Yuan Yuchen, Cui Qiang
Department of Chemistry, Boston University, 590 Commonwealth Avenue, Boston, Massachusetts 02215, United States.
Department of Physics, Boston University, 590 Commonwealth Avenue, Boston, Massachusetts 02215, United States.
J Chem Theory Comput. 2023 Aug 22;19(16):5394-5406. doi: 10.1021/acs.jctc.3c00591. Epub 2023 Aug 1.
Free energy differences (Δ) are essential to quantitative characterization and understanding of chemical and biological processes. Their direct estimation with an accurate quantum mechanical potential is of great interest and yet impractical due to high computational cost and incompatibility with typical alchemical free energy protocols. One promising solution is the multilevel free energy simulation in which the estimate of Δ at an inexpensive low level of theory is combined with the correction toward a higher level of theory.

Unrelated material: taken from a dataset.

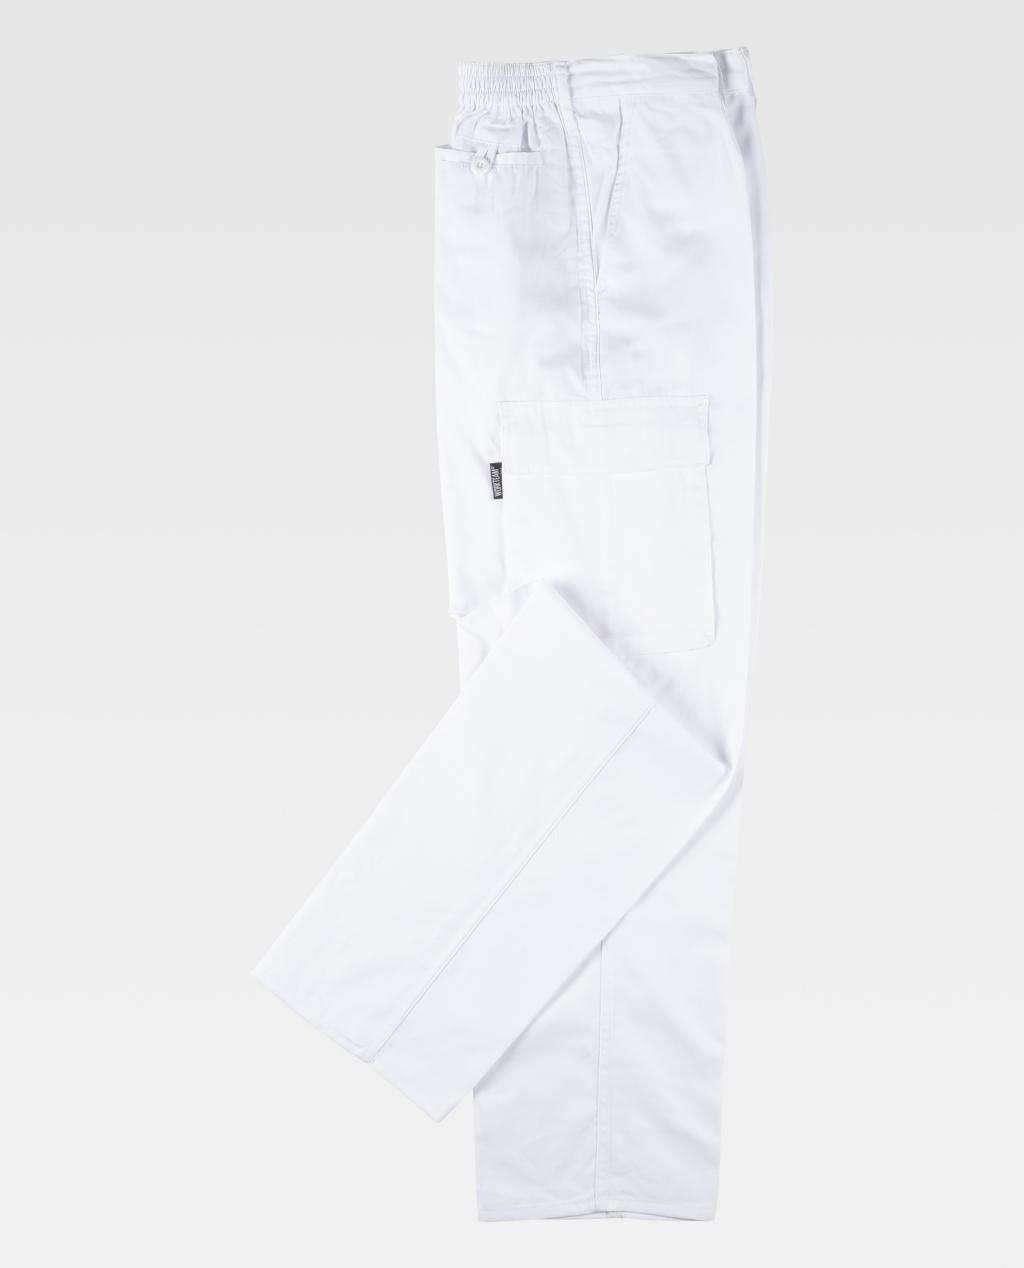 Calça W/T B1403 c/elástico Multibolsos

The poor configurational overlap generally expected between the two levels of theory, however, presents a major challenge. We overcome this challenge by using a deep neural network model and enhanced sampling simulations. An adversarial autoencoder is used to identify a low-dimensional (latent) space that compactly represents the degrees of freedom that encode the distinct distributions at the two levels of theory. Enhanced sampling in this latent space is then used to drive the sampling of configurations that predominantly contribute to the free energy correction. Results for both gas phase and condensed phase systems demonstrate that this data-driven approach offers high accuracy and efficiency with great potential for scalability to complex systems.
自由能差(Δ)对于化学和生物过程的定量表征和理解至关重要。使用精确的量子力学势直接估计自由能差极具意义,但由于计算成本高且与典型的炼金术自由能协议不兼容,这一方法并不实际。一个有前景的解决方案是多级自由能模拟,即在廉价的低理论水平下估计Δ,并结合向更高理论水平的校正。然而,通常预期的两个理论水平之间较差的构型重叠构成了一项重大挑战。我们通过使用深度神经网络模型和增强采样模拟克服了这一挑战。对抗自编码器用于识别一个低维(潜在)空间,该空间紧凑地表示编码两个理论水平上不同分布的自由度。然后在这个潜在空间中进行增强采样,以驱动对主要贡献于自由能校正的构型进行采样。气相和凝聚相系统的结果表明,这种数据驱动的方法具有高精度和高效率,并且具有扩展到复杂系统的巨大潜力。